Canyon Euro CLO 2022-1 DAC: 08 May 2023
The assets securing the debt will consist of a portfolio of primarily Senior Obligations, Mezzanine Obligations and High Yield Bonds managed by Canyon CLO Advisors LP.
The Portfolio Manager is Canyon CLO Advisors LP (formerly Canyon CLO Advisors LLC), is registered as an investment advisor with the SEC and is a global value oriented alternative asset manager that employs a variety of credit strategies across a broad spectrum of asset classes.
Eligibility Criteria (includes): it is a Secured Senior Obligation, a Corporate Rescue Loan, an Unsecured Senior Obligation, a Mezzanine Obligation, a Second Lien Loan or a High Yield Bond (in each case, which is not a sub-participation of a sub-participation); it is not a Structured Finance Security, a Letter of Credit or a Synthetic Security; it is not a Zero Coupon Security; it is not subject to a tender offer, voluntary redemption, exchange offer, conversion or other similar action for a price less than its par amount plus all accrued and unpaid interest; is an obligation of an Obligor or Obligors Domiciled in a Non-Emerging Market Country (as determined by the Portfolio Manager acting on behalf of the Issuer); it is not a Project Finance Loan.
The Issuer anticipates that, by the Issue Date, it will have purchased or committed to purchase Collateral Obligations the Aggregate Principal Balance of which is equal to at least €380mln, which is approximately 95.0% of the Target Par Amount.
The Rated Notes (other than €2,500,000 of the initial Principal Amount Outstanding of the Class E Notes and the Class F Notes) are being offered by the Issuer through Jefferies International Limited in its capacity as placement agent of such Notes subject to prior sale.

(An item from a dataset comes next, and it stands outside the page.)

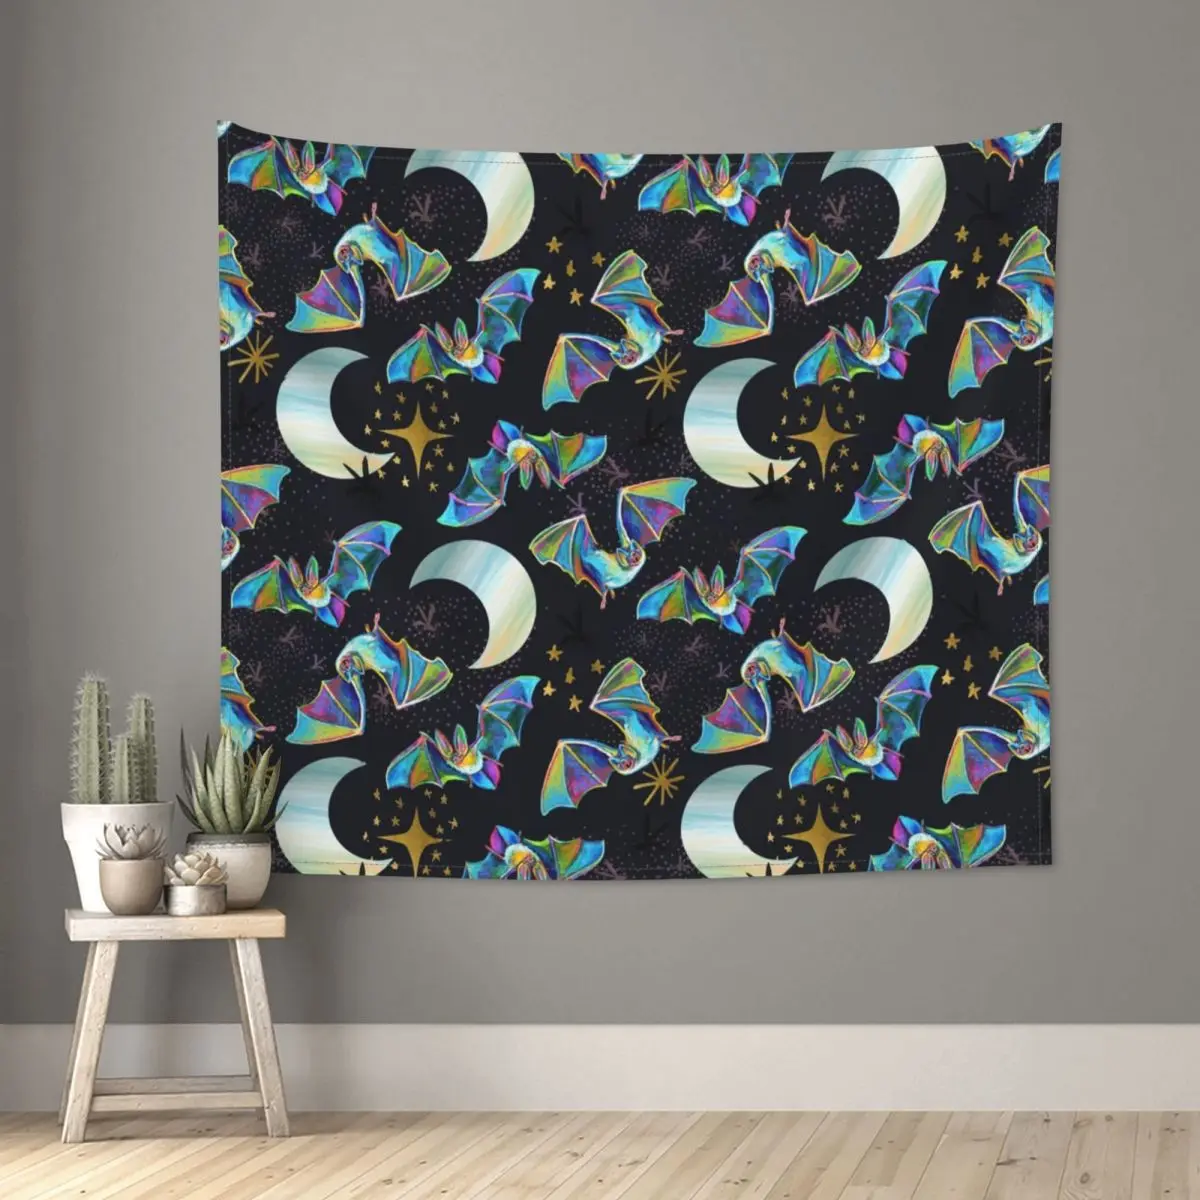 

Creepy Cute Bat Pattern Tapestry Wall Hanging Hippie Polyester Tapestries Goth Witchcraft INS Blanket Dorm Decor 95x73cm

UK/EU Risk Retention: Canyon CLO Advisors LP (the “Retention Holder”) will undertake, amongst other things, that it will retain certain of the Subordinated Notes in connection with the EU/UK Retention Requirements.
US Risk Retention: Based on the LSTA Decision, it should be assumed by each prospective investor that no party involved in the transaction will retain any Notes intended to satisfy the US Risk Retention Rules.